Furthermore, 1968, a mere three years removed from Jim Crow, witnessed a gender pay gap of 58.2 percent. Discrimination against ethnic minorities and the LGBTQ community was not only legal, but commonplace.

Forgive me, but it seems inappropriate to choose this era to reminisce upon in a conversation about societal well-being.

The entire article assumes birth control serves no purpose outside of casual sex, as if women are somehow overstepping by controlling their own reproductive systems.

Beyond using birth control to prevent unwanted pregnancies, millions of women use birth control to control heavy menstrual bleeding, polycystic ovarian syndrome, endometriosis, migraines, anemia, acne … the list goes on. So until you’ve had a terrible, awful period, you probably shouldn’t decide what is and is not an appropriate way to combat it.

The author attempts to draw causality between the expansion of contraceptives and increasing rates of divorce and infidelity. It is a naive argument at best, a despicable one at worst, rooted in a classic logical fallacy. If A happens, then B happens, A must have caused B. It is propaganda, a scare tactic and mindless rhetoric.

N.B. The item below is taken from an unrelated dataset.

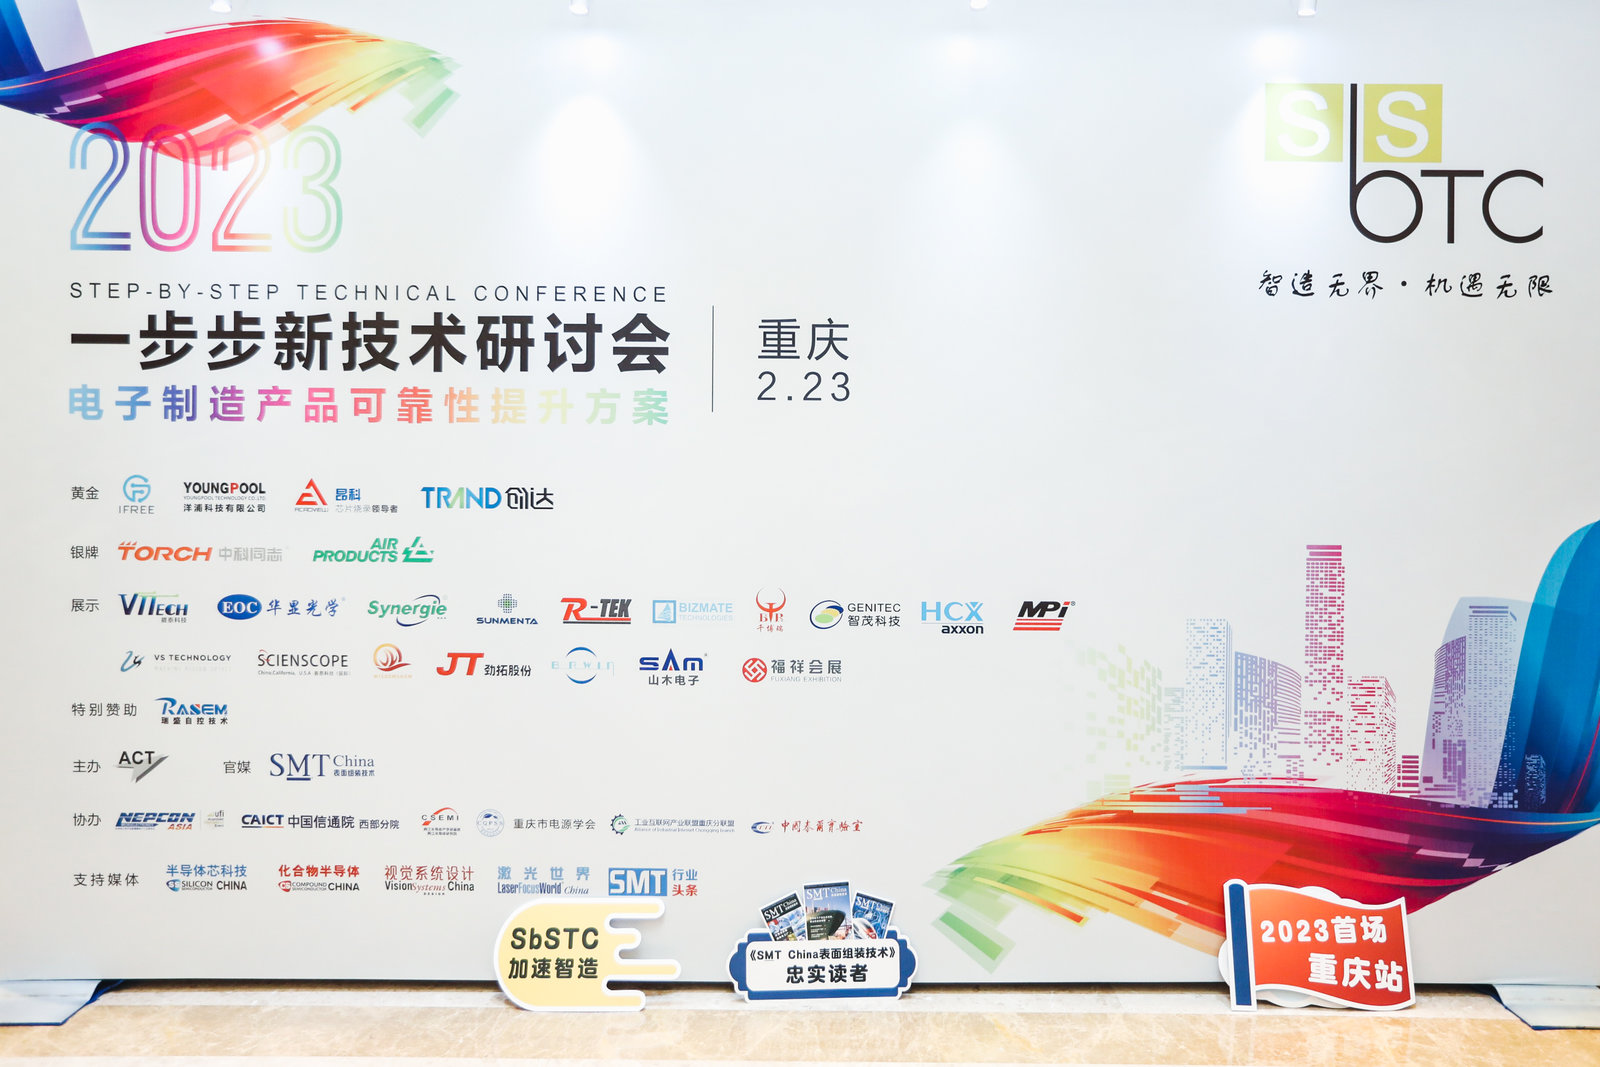 重庆一步步新技术研讨会

Perhaps you buy it, based on Millers’ citation of a study claiming 30 to 60 percent of married people will engage in infidelity during their marriage. Yet, a skim of this study finds the authors admitting to “notable limitations.”

“We did not assess actual infidelities, instead focusing on anticipations or expectations of infidelities. Not all individuals who predict that they will be unfaithful actually are,” according to the study.

The author has either failed to fully analyze his sources and eagerly grabbed the first statistic supporting his claims, or has knowingly misled his audience. To imagine and to execute an idea are vastly different things. As Millers’ article clearly shows, there is a large difference between imagining a good argument and actually presenting one.

Birth control has emphasized that a woman‘s importance goes beyond her ability to reproduce. Women are not breed dogs. Here’s a secret: women can enjoy recreational sex — and they do, as they should.

Millers’ words hinge on the supposed destruction of sexual morality. By definition, morals are a person’s standards of behavior or beliefs. Fortunately for us, it is not up to Miller to define sexual morality. The term is archaic and closed-minded, indicative of a power structure seeking to control sexual behavior through condemnation.

If we are to accept sexual morality as a valid concept at all, consensual partners should make that decision, not an outward agency.

Contraceptives have granted sexual liberation to women of every color, sexuality and religion.

The power is in the hands of married women, single women, women who avoid premarital sex, women who do not and their pill. If that is the demise of our society, let us fall.